What We Would Like To Do, But Can't
Suppose you used an alignment of 1000 sites to infer the original tree. If you somehow had the ability to sequence as many sites as you wanted for all your taxa, you could extract another 1000 sites from each and perform this tree inference again, in which case you would probably get a tree that was similar but slightly different to the original tree. You could do this again and again, using a fresh batch of 1000 sites each time; if you did this many times, you would produce a distribution of trees as a result. This is called the sampling distribution of the estimate. In general it will have highest density near the true tree. Also it becomes more concentrated around the true tree if you increase the sample size (number of sites).
What does this distribution tell us? It tells us how likely it is that any given sample of 1000 sites generated by this evolutionary process (tree + branch lengths + other parameters) will actually give us the true tree -- in other words, how confident we can be about our original analysis.
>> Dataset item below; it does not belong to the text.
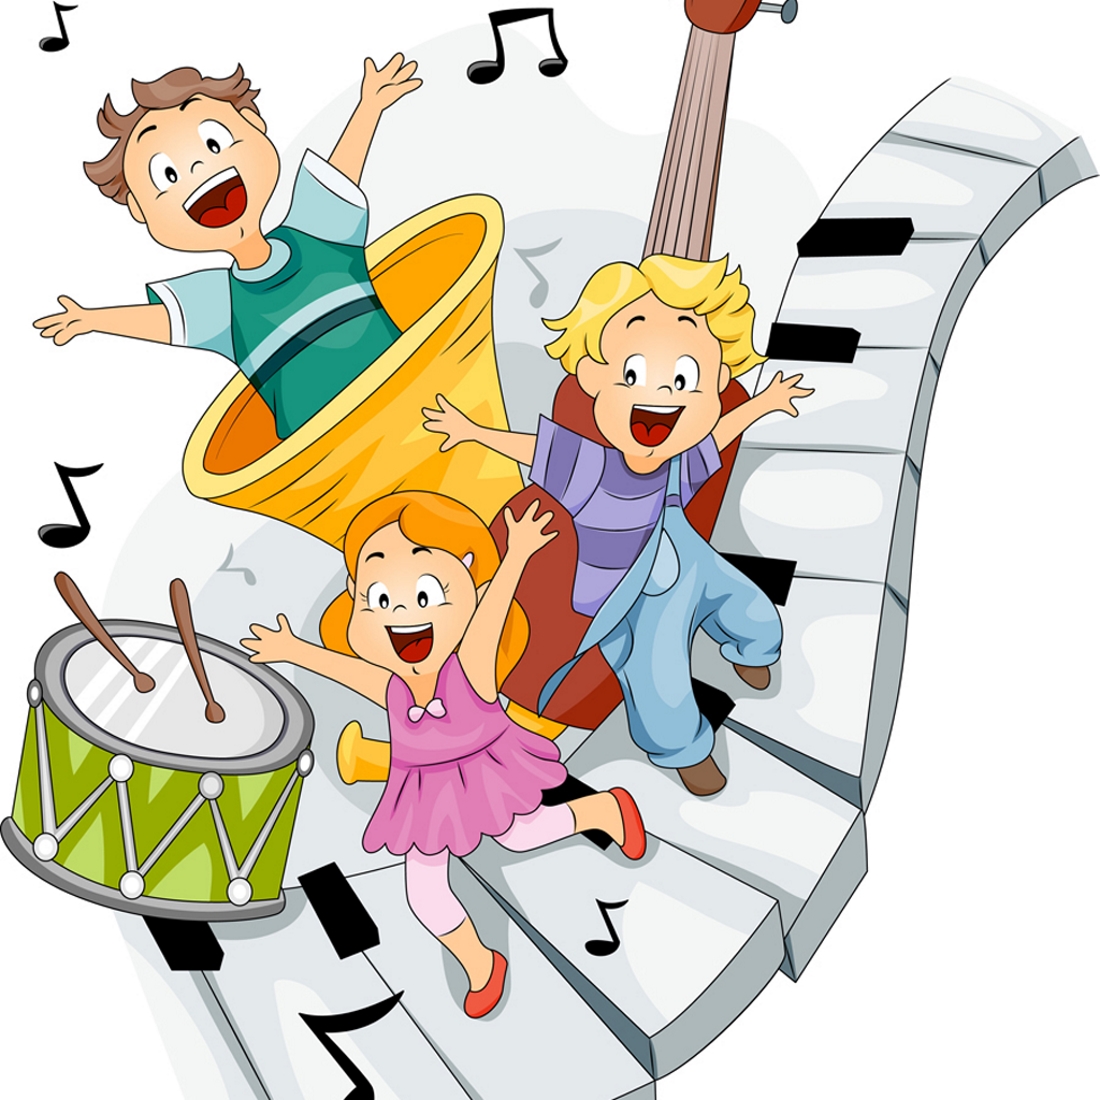 Здесь играем и поем. Музыкальные картинки для детей. Музыкальные инструменты для детей. Веселые музыканты. Картинки на музыкальную тему.
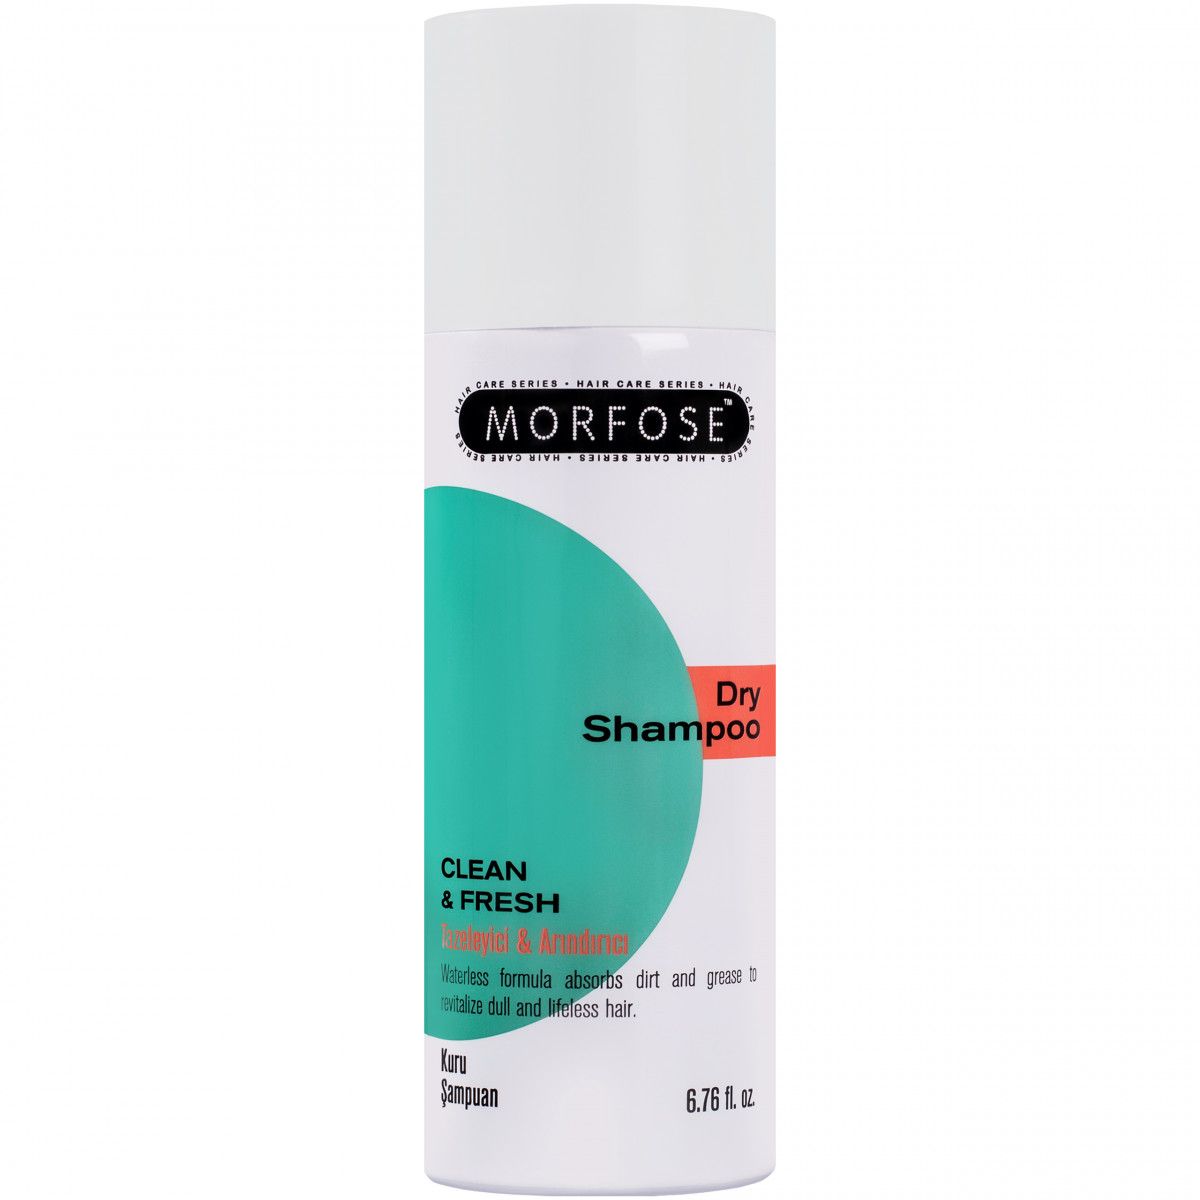 Morfose Dry Shampoo Clean & Fresh - suchy szampon do włosów, odświeża i oczyszcza, 200ml

As I mentioned above, this probability-of-getting-the-right-answer can be broken down by edge -- that's what "bootstrap probabilities" are.
What We Can Do Instead
We don't actually have the ability to magically generate as many alignment columns as we want, but we can "pretend" that we do, by simply regarding the original set of 1000 sites as a pool of sites from which we draw a fresh batch of 1000 sites with repetition for each replicate. This generally produces a distribution of results that is different from the true 1000-site sampling distribution, but for large site counts the approximation is good.
* That is assuming that the dataset was in fact generated according to this model -- which is something that we cannot know for certain, unless we're doing a simulation. Also some models, like uncorrected parsimony, actually have the paradoxical quality that under some conditions, the more sites you have, the lower the probability of recovering the correct tree!
Bootstrapping is a general statistical technique that has applications outside of bioinformatics. It is a flexible means of coping with small samples, or samples from a complex population (which I imagine is the case in your application.)